◆ Exercise requirements ◆
Return the complete listing exactly as it reads, with each picture removed.

◆ Information supplied ◆
★ ★ ★ ★ ★ ★ ★

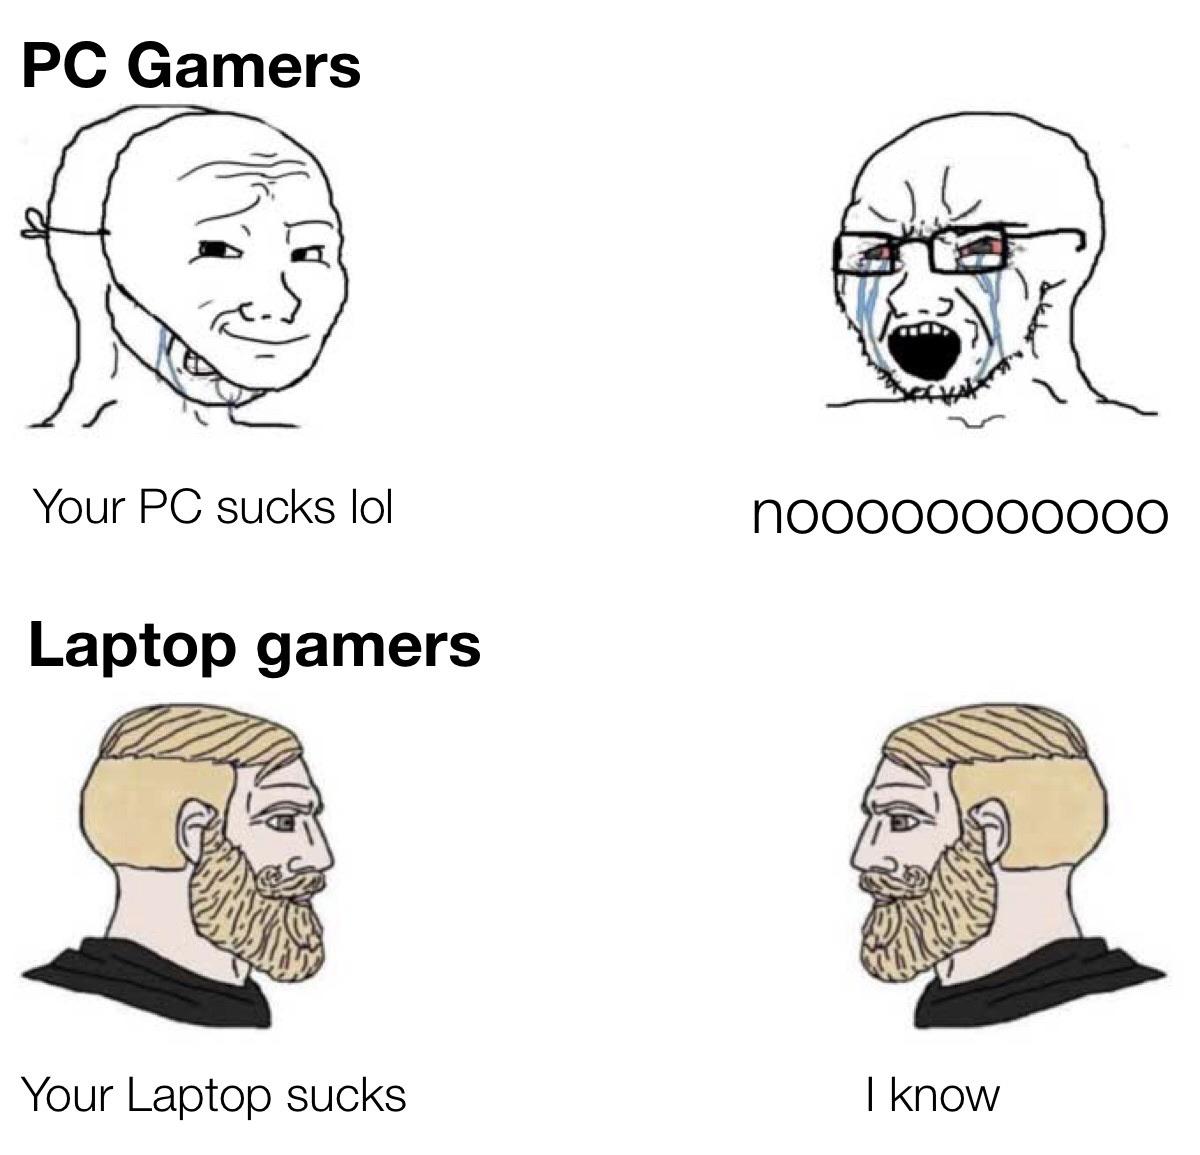 Dank, PC, PCs, Minecraft, FPS, No Dank Memes Dank, PC, PCs, Minecraft, FPS, No text: PC Gamers Your PC sucks Iol Your Laptop sucks nooooooooooo I know 
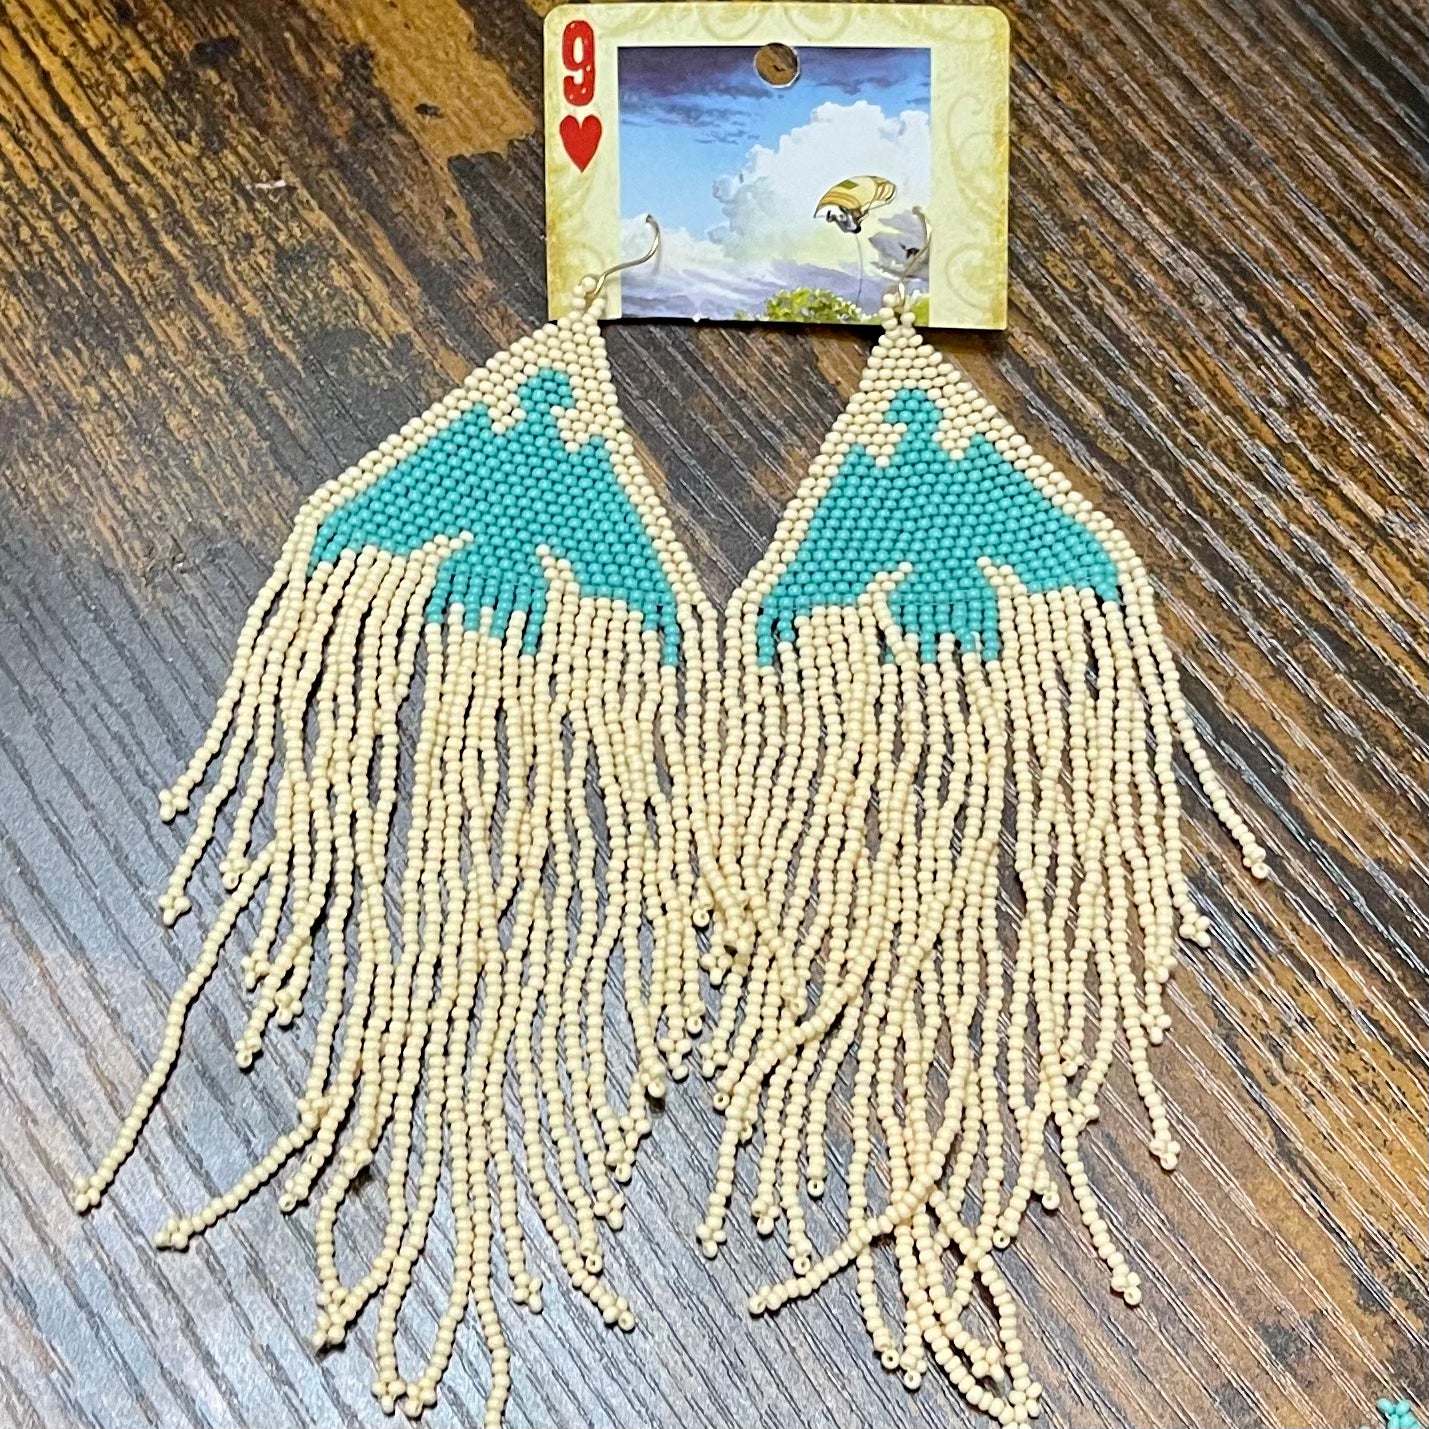 Beaded thunderbird earrings
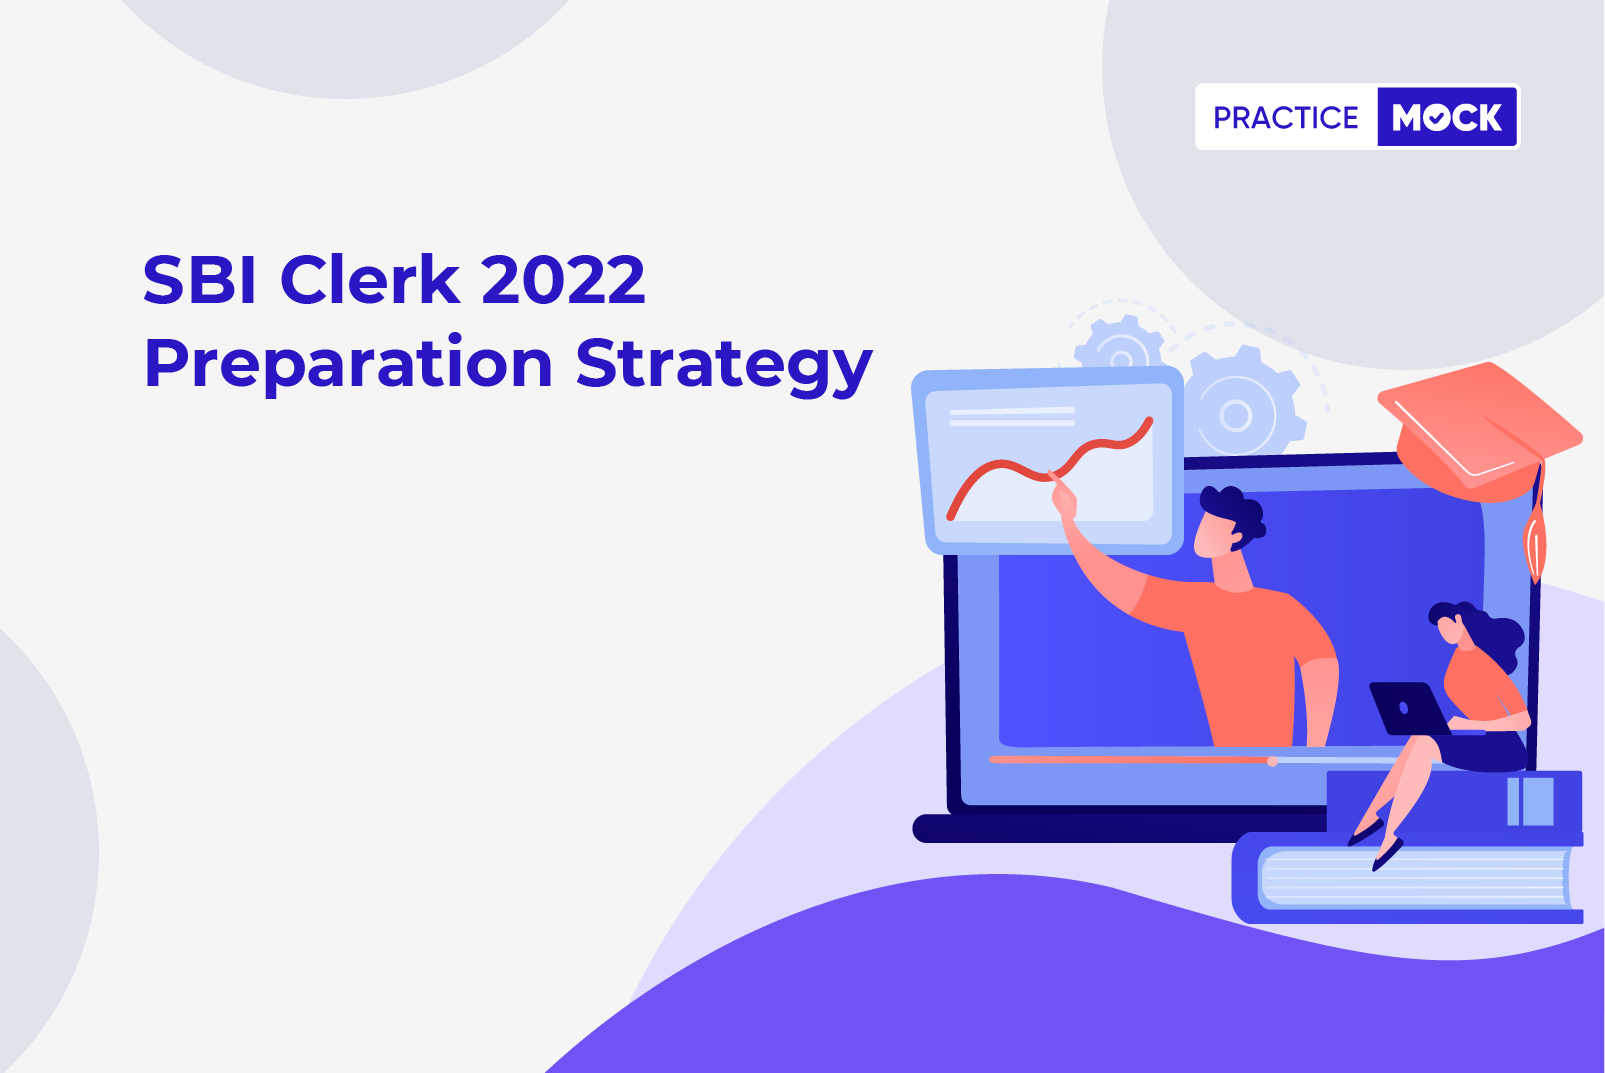 SBI Clerk Preparation Strategy 2022

★ ★ ★ ★ ★ ★ ★

◆ Exercise response ◆
 Dank, PC, PCs, Minecraft, FPS, No Dank Memes Dank, PC, PCs, Minecraft, FPS, No text: PC Gamers Your PC sucks Iol Your Laptop sucks nooooooooooo I know 
 Beaded thunderbird earrings
 SBI Clerk Preparation Strategy 2022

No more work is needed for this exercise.